Los precios del oro cayeron un 2,6% el lunes, ya que el aumento de las tensiones entre EE.UU. e Irán impulsó al dólar y reforzó la preocupación por la inflación, manteniendo vivas las expectativas de tipos de interés más altos durante más tiempo.
"Las últimas noticias claramente no dieron al mercado la confianza de que todo va a ir bien y volvieron a plantear el espectro de los problemas de inflación, junto con señales bastante halcones (hawkish) para el mercado sobre los tipos de interés", dijo Bart Melek, jefe global de estrategia de materias primas de TD Securities.
El oro al contado bajaba un 2,6% a 4.524,40 dólares la onza a las 16:15 ET, tras alcanzar el viernes un máximo de dos semanas de 4.760 dólares por las esperanzas de un acuerdo de paz. Los futuros del oro estadounidense para entrega en junio cerraron un 2,4% a la baja, en 4.533,30 dólares. El dólar estadounidense se reafirmó después de que Irán atacara varios barcos en el estrecho de Ormuz, y los precios del crudo Brent saltaron más de un 5%, intensificando los temores inflacionarios.

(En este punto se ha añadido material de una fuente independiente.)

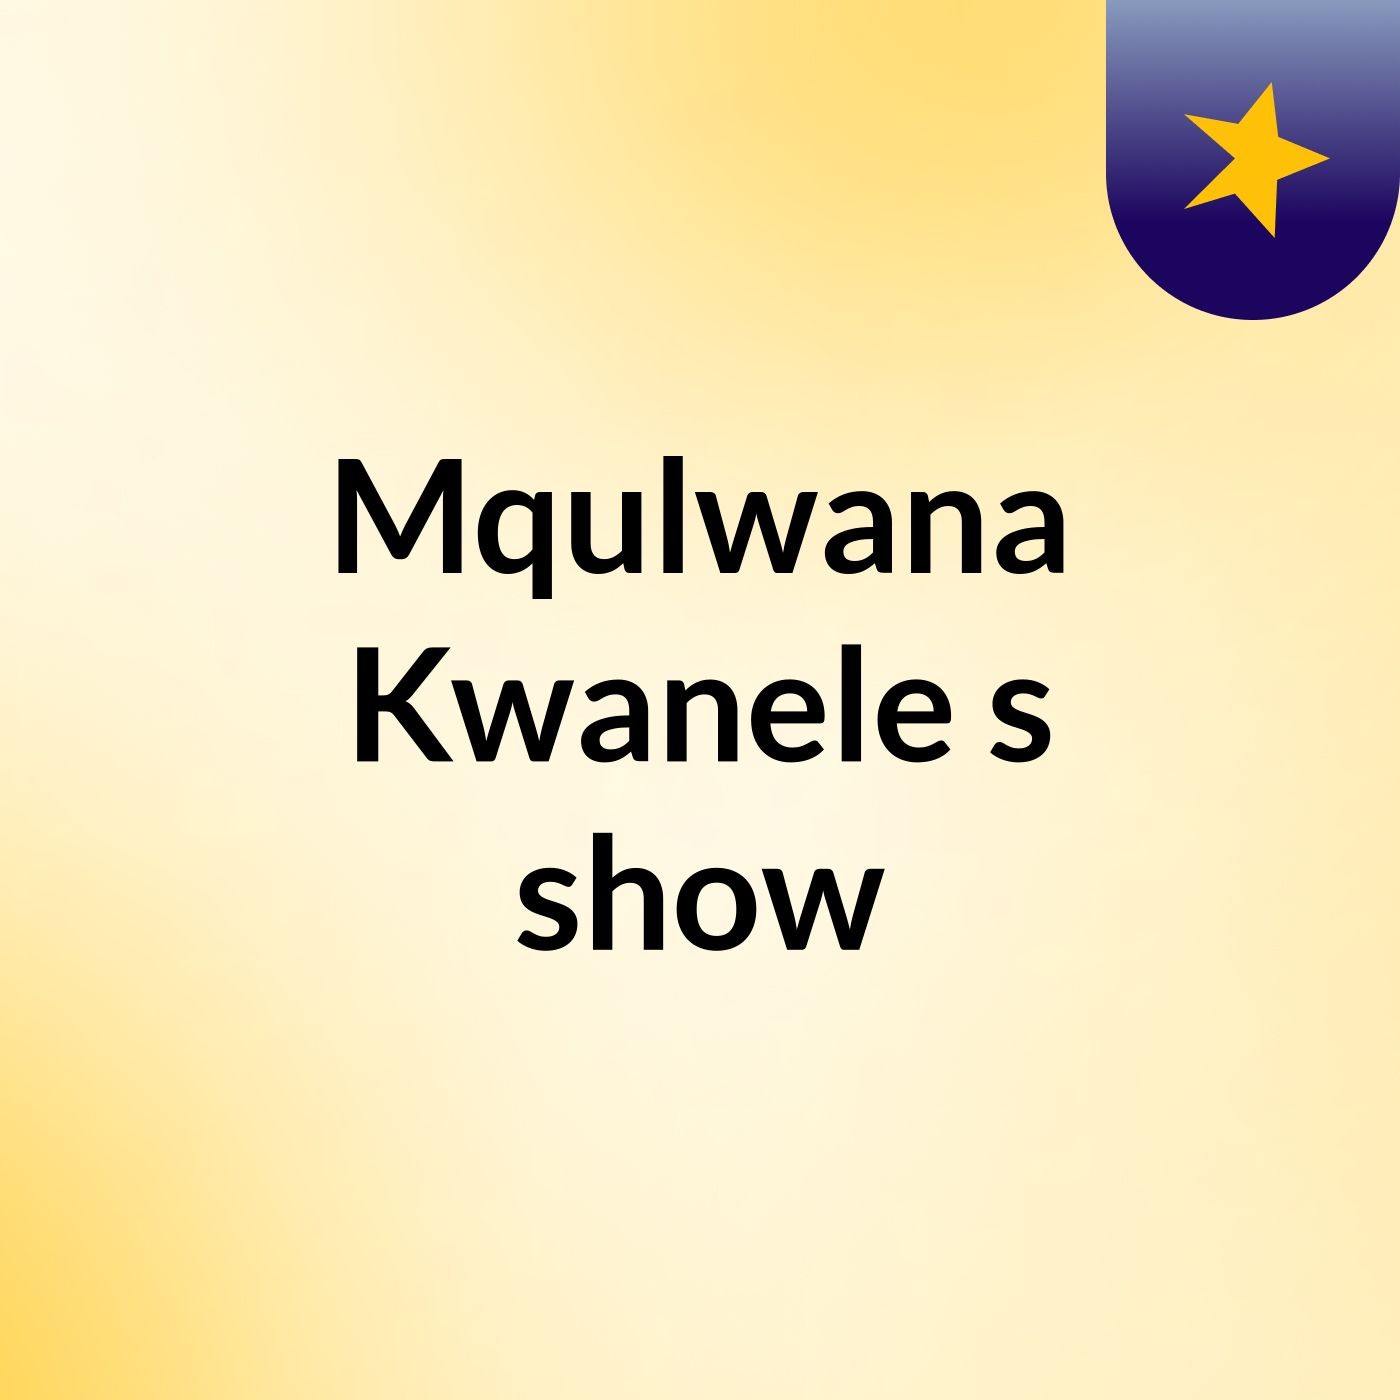 Mqulwana Kwanele's show
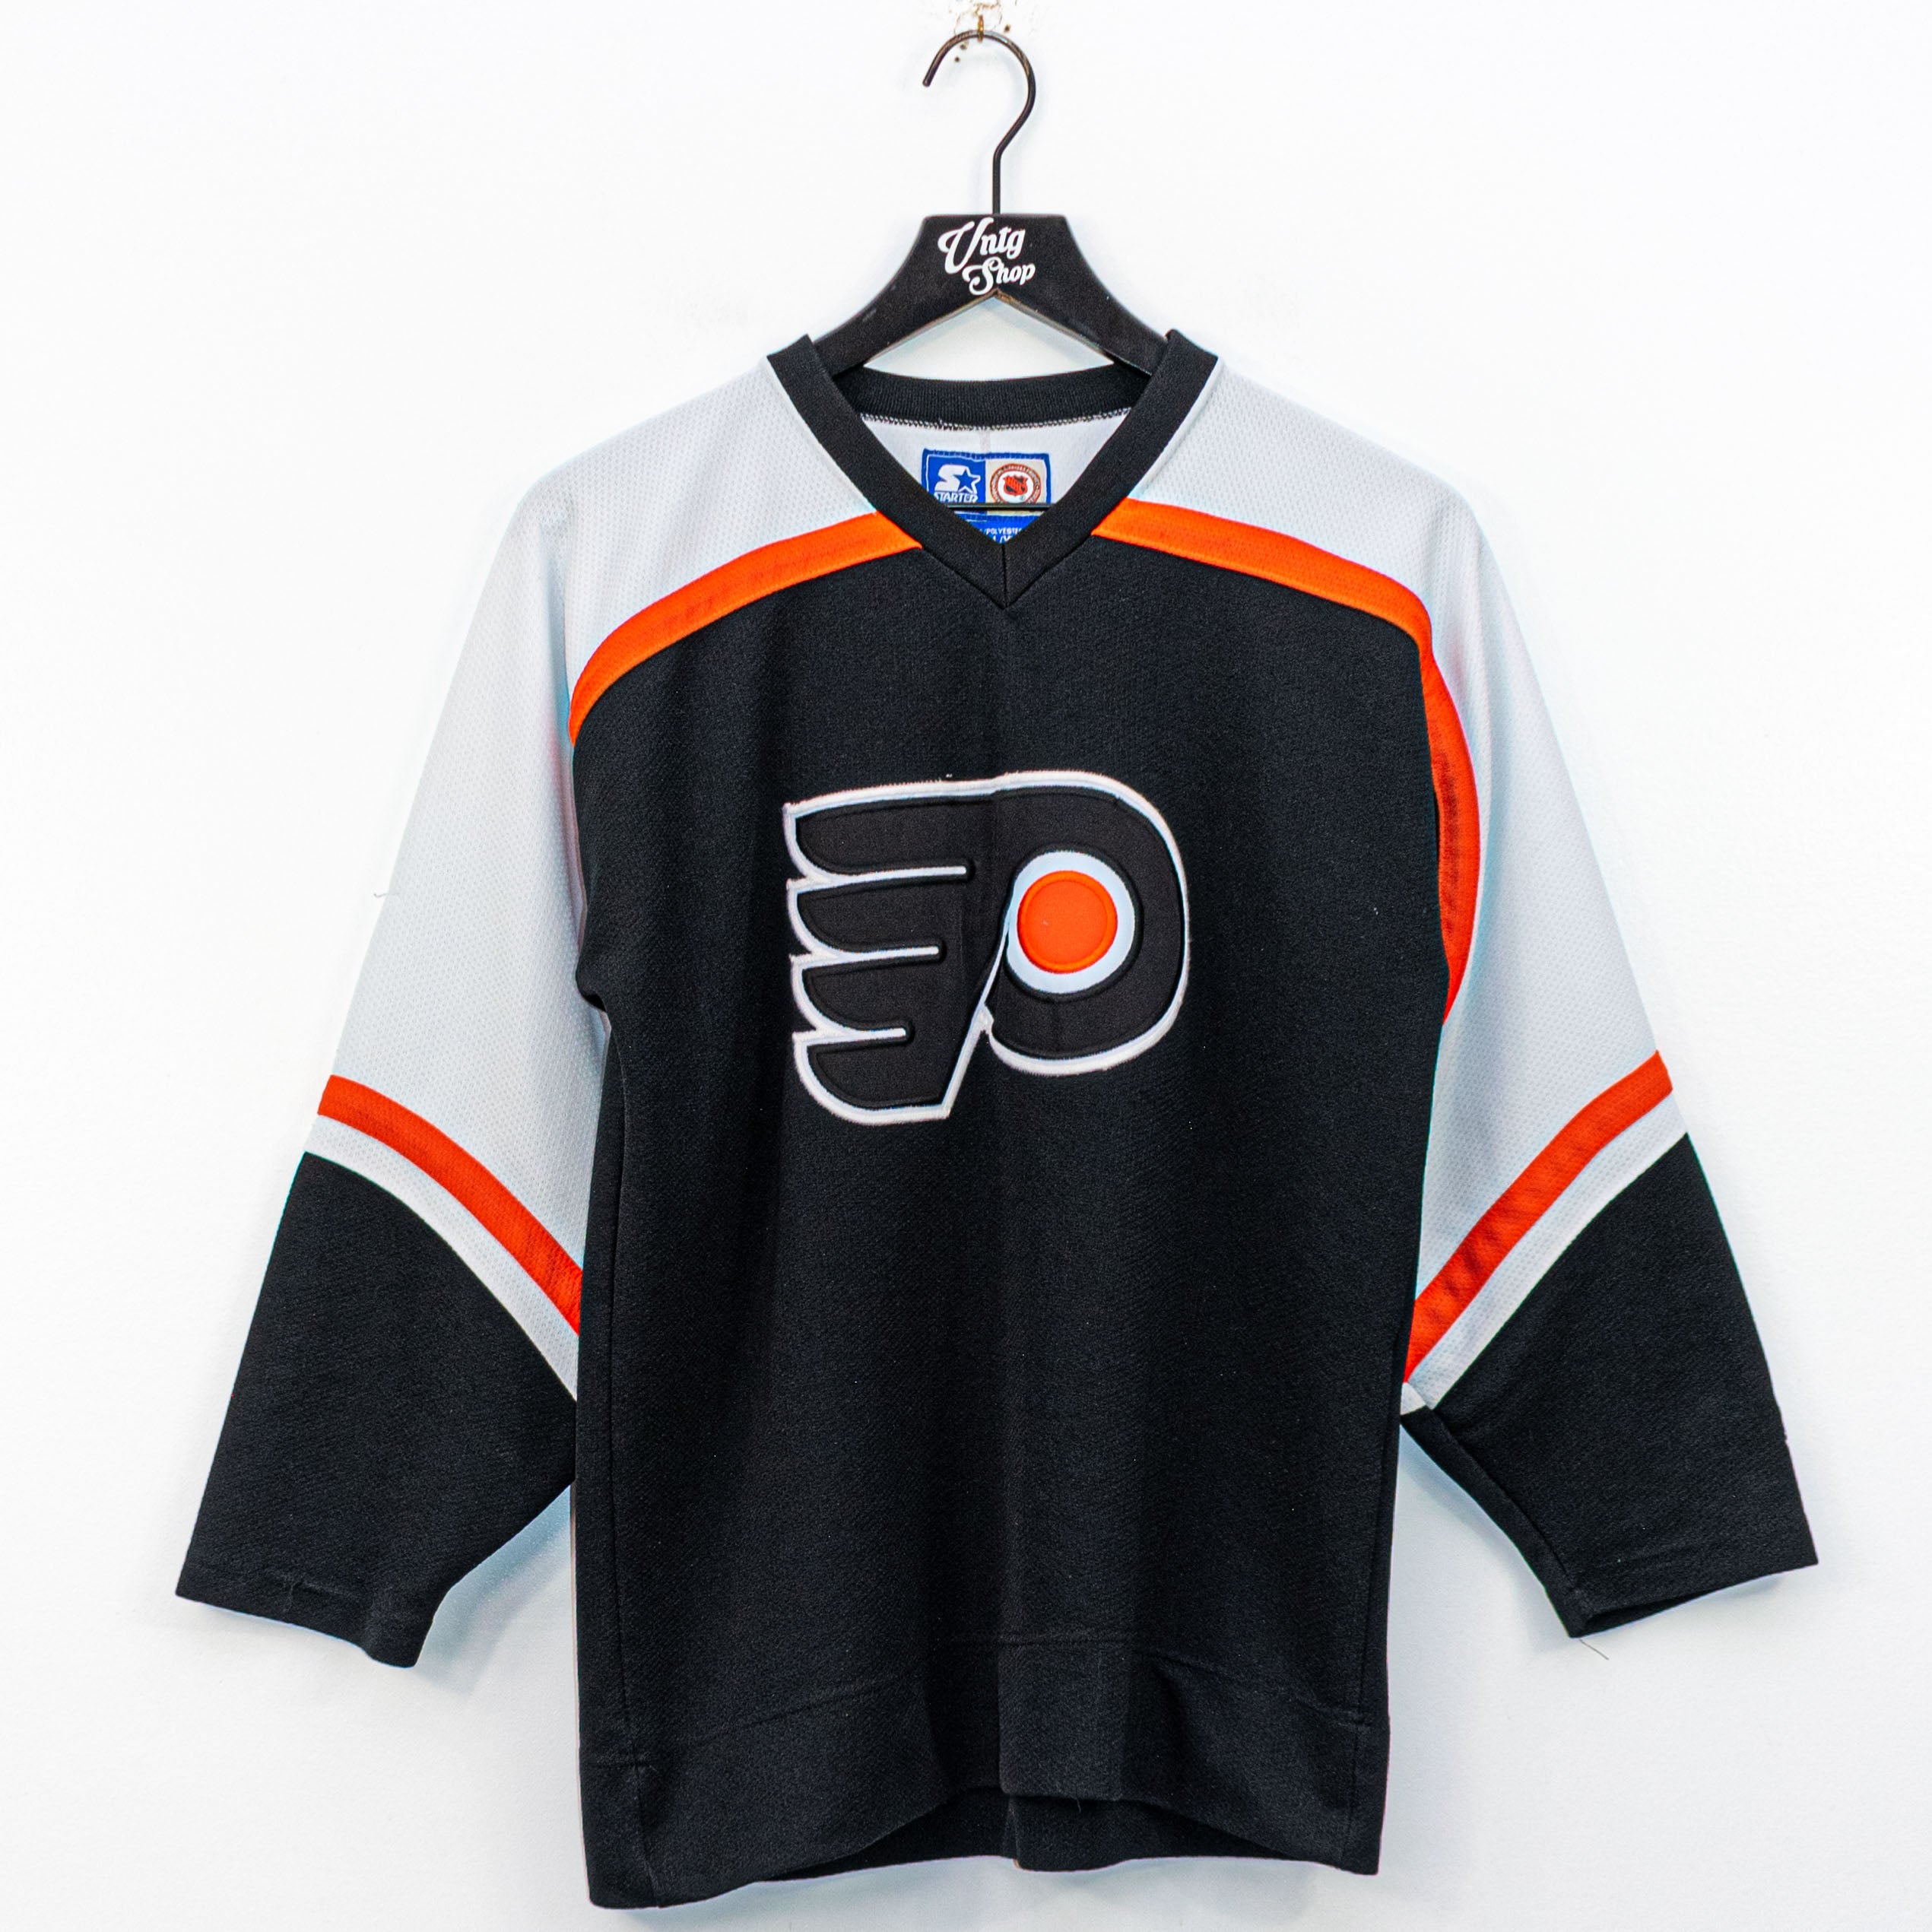 ) SALE!!! Vintage 90's Philadelphia Flyers NHL Starter Jersey

Aunque el oro sirve de cobertura contra la incertidumbre geopolítica, pierde atractivo en un entorno de tipos elevados al no ofrecer rendimiento. Barclays se unió a otras agencias de valores al apostar por que no habrá relajación de la política monetaria de la Reserva Federal de EE.UU. este año. Los inversores están ahora pendientes de las ofertas de empleo en EE.UU., del informe de empleo de ADP y del informe de nóminas de abril que se publicarán esta semana para obtener más señales.